• Directions for this task:
Restate the full listing word for word; images stay out of it.
━━ Data shown ━━
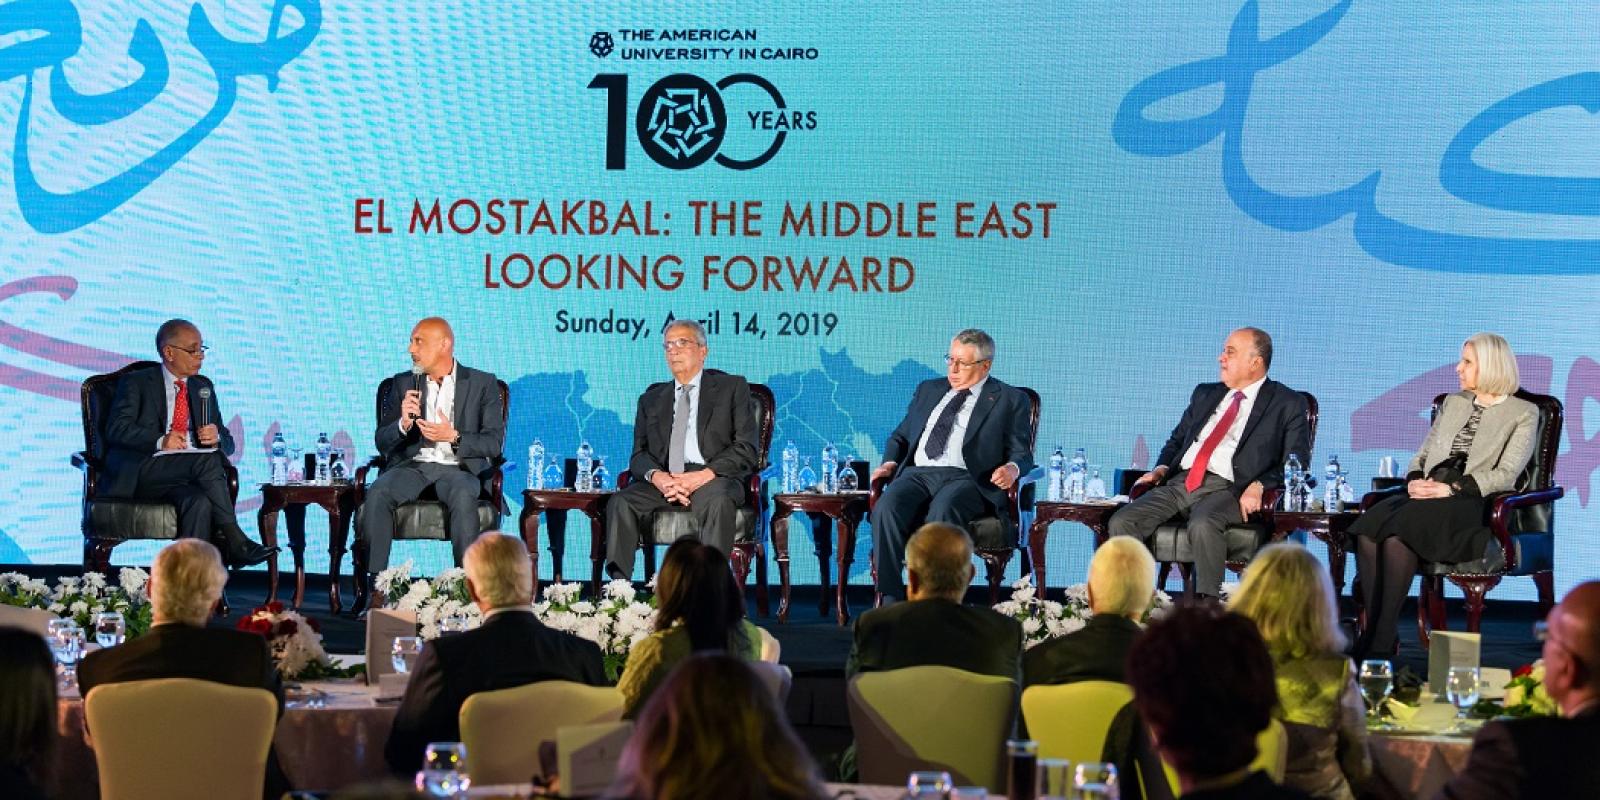 AUC Launches El Mostakbal: the Middle East Looking Forward Initiative
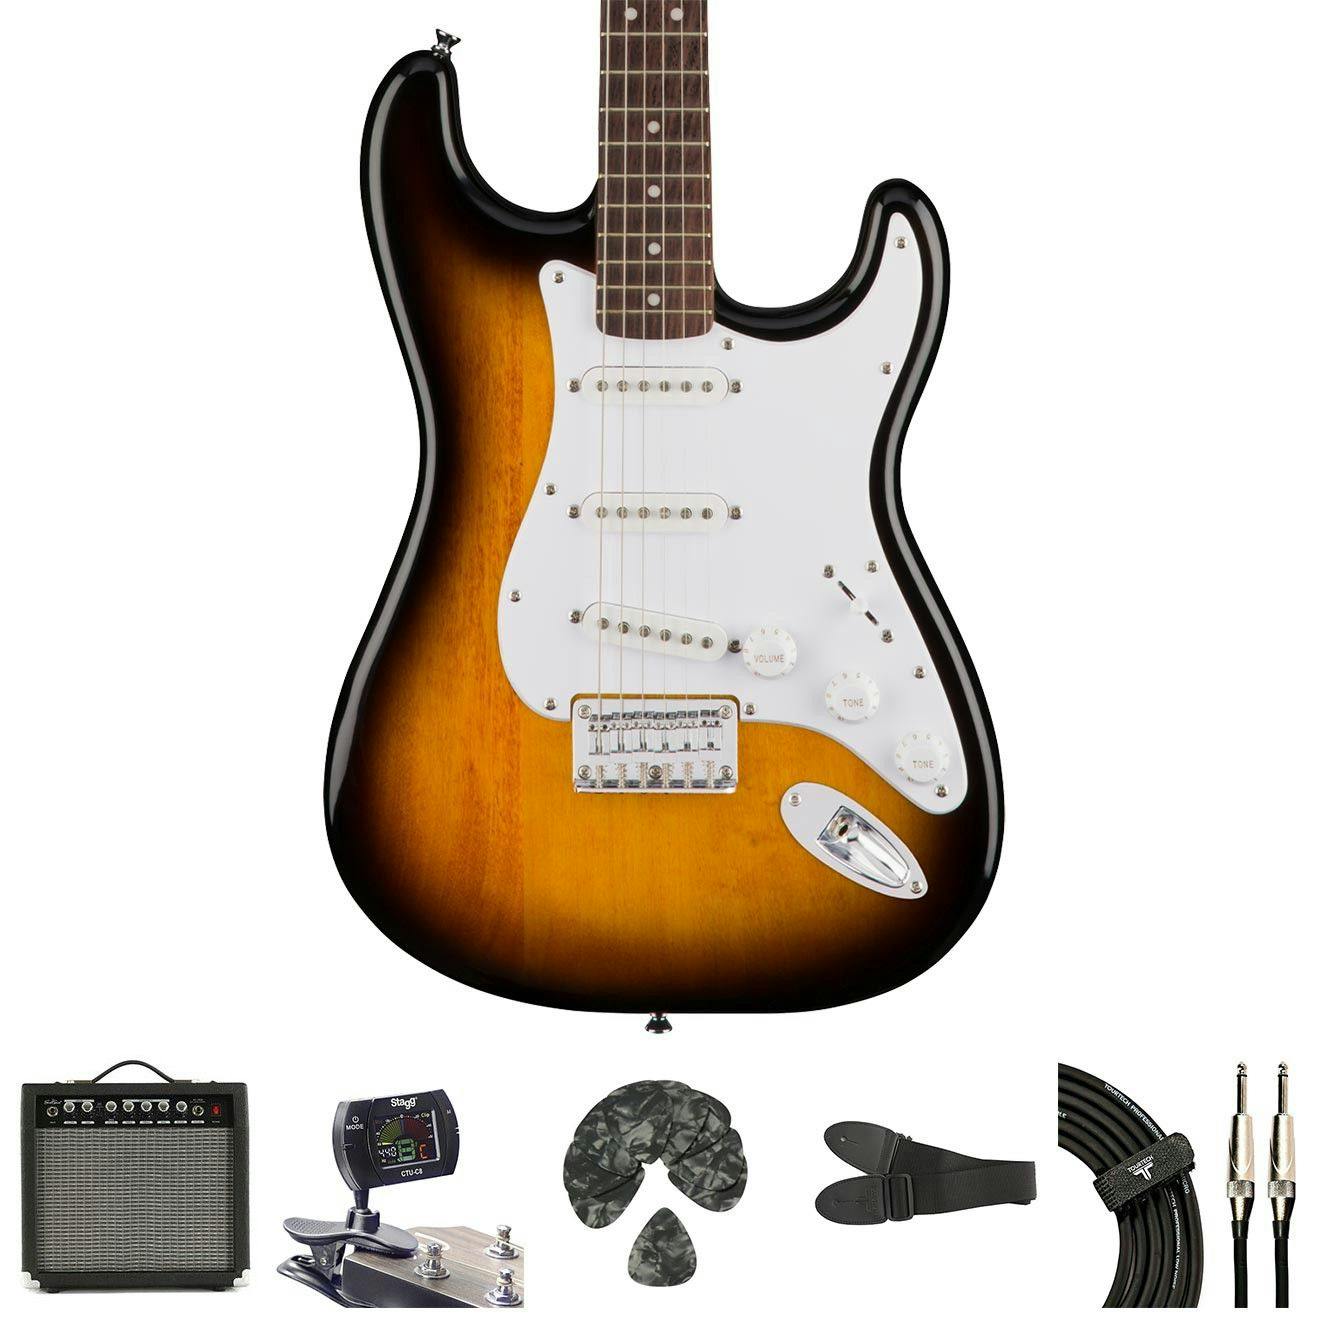 Squier Bullet Stratocaster HT in Sunburst Starter Pack with Amp & Accessories
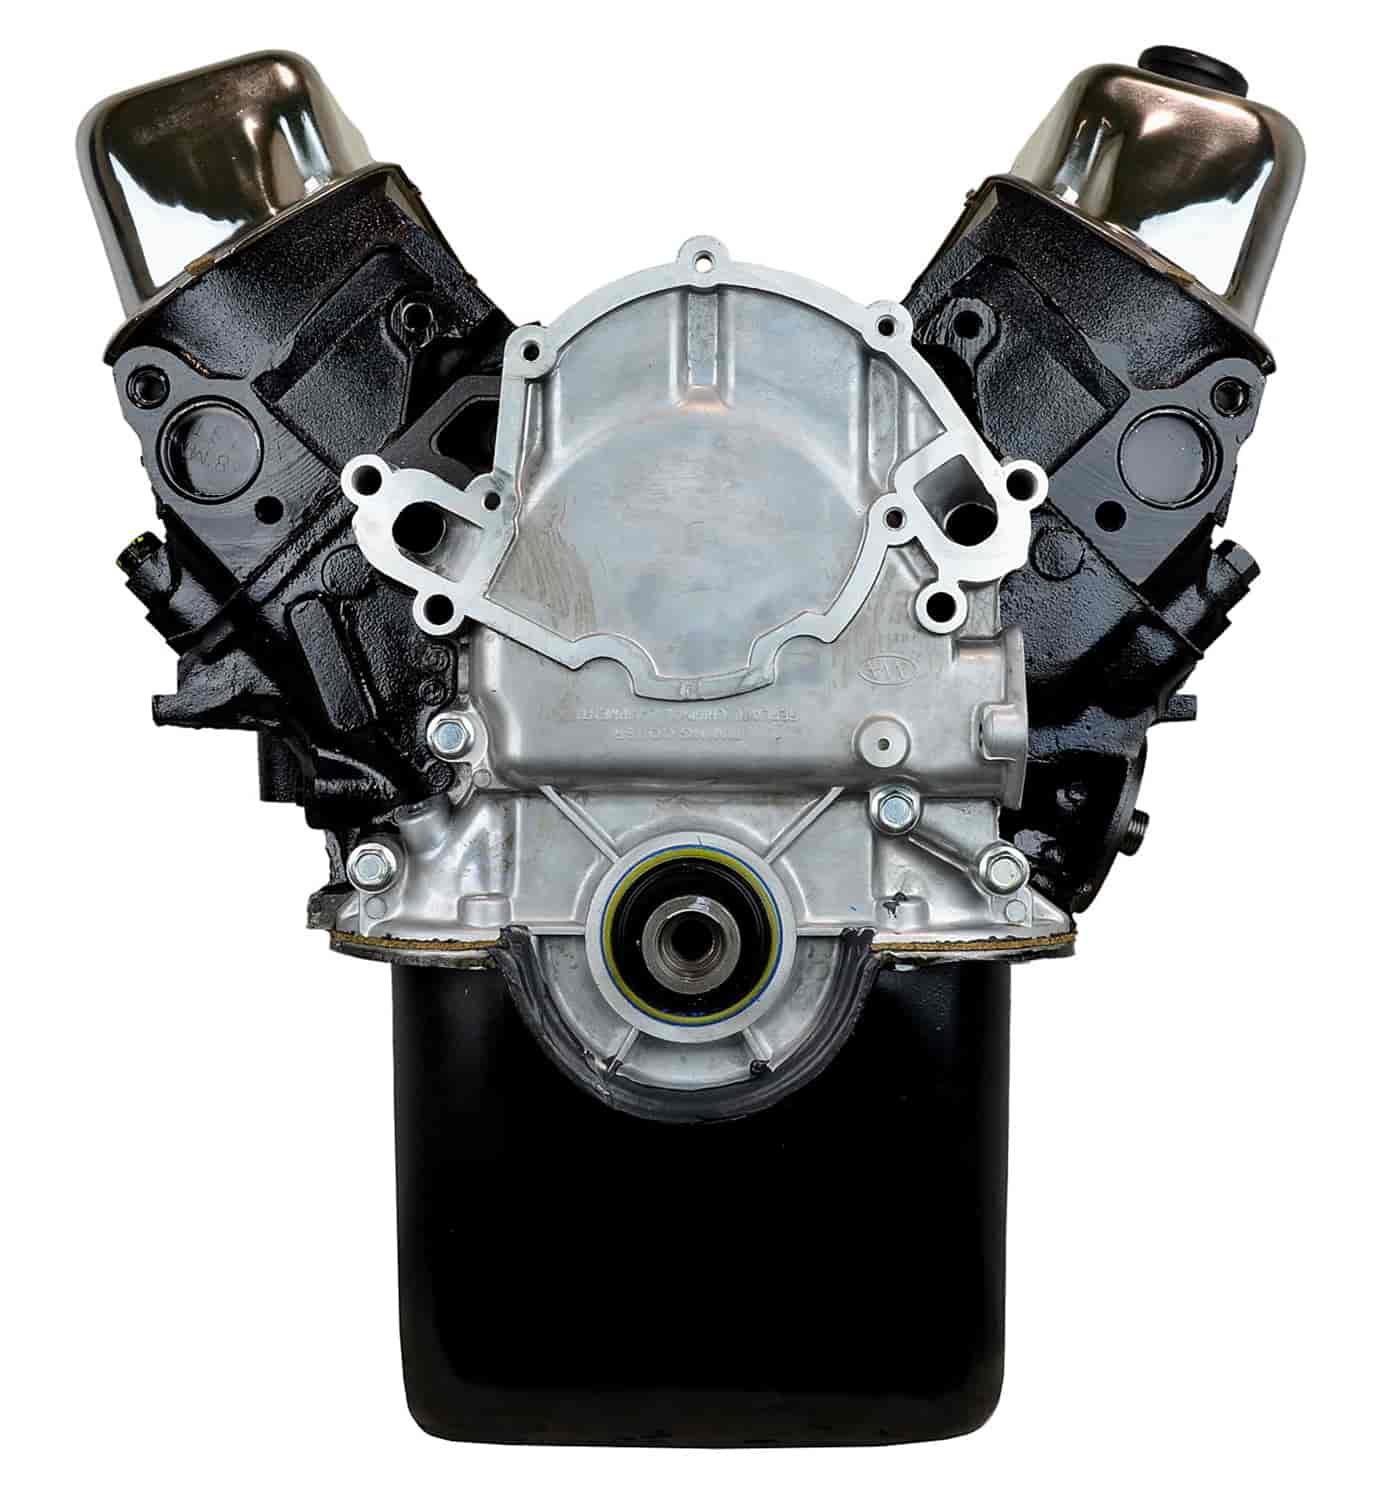 Remanufactured Crate Engine for 1968-1974 Ford/Mercury Car with 302ci/5.0L V8
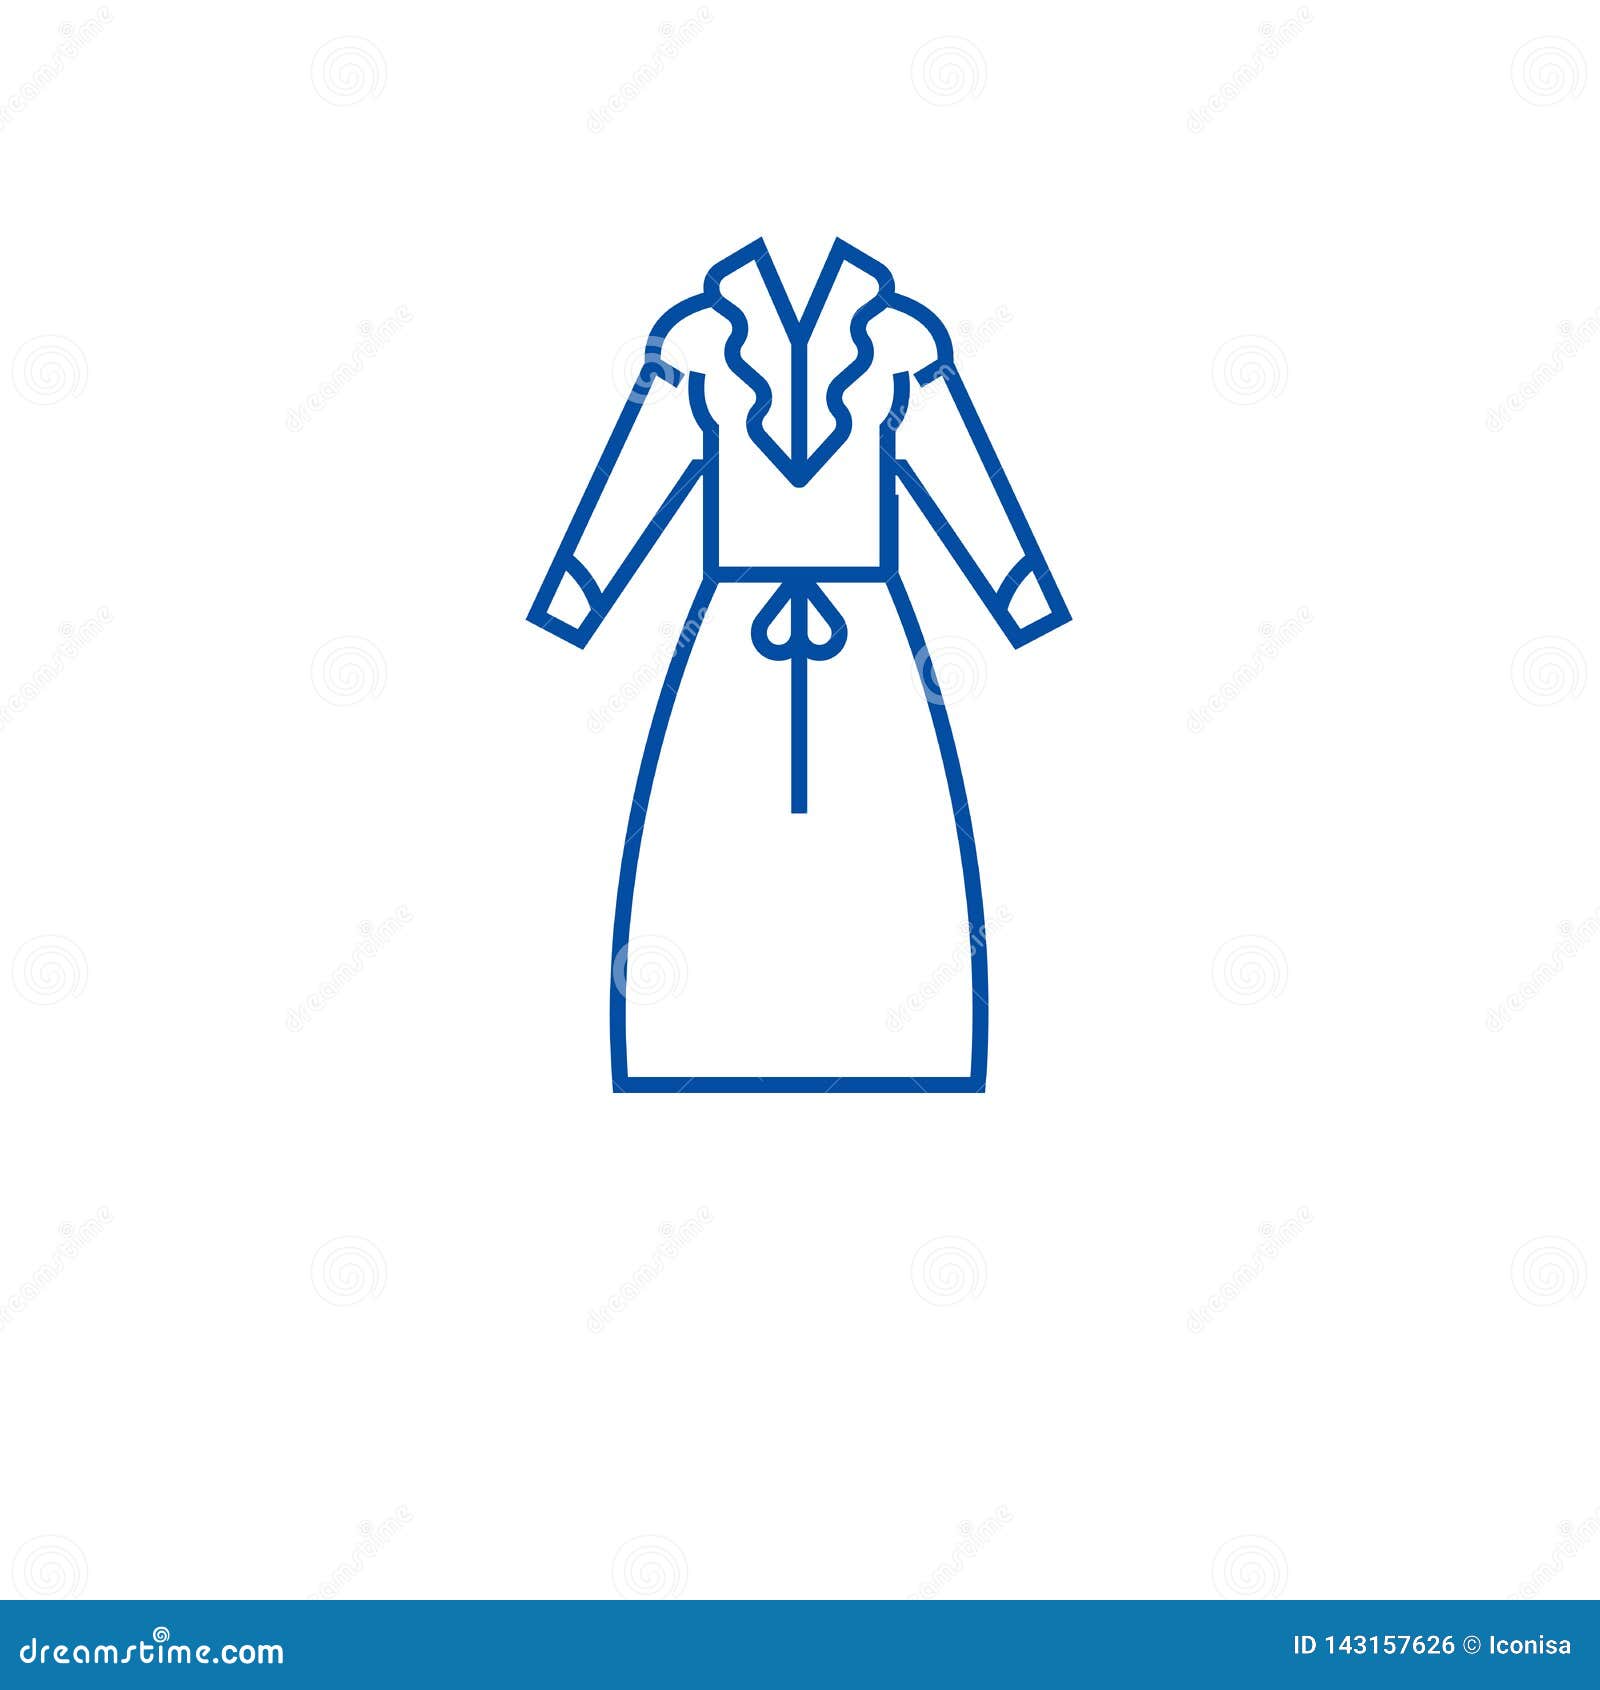 Office Formal Dress Line Icon Concept. Office Formal Dress Flat Vector ...
━━━
• Answer to this exercise:
 AUC Launches El Mostakbal: the Middle East Looking Forward Initiative
 Squier Bullet Stratocaster HT in Sunburst Starter Pack with Amp & Accessories
 Remanufactured Crate Engine for 1968-1974 Ford/Mercury Car with 302ci/5.0L V8
 Office Formal Dress Line Icon Concept. Office Formal Dress Flat Vector ...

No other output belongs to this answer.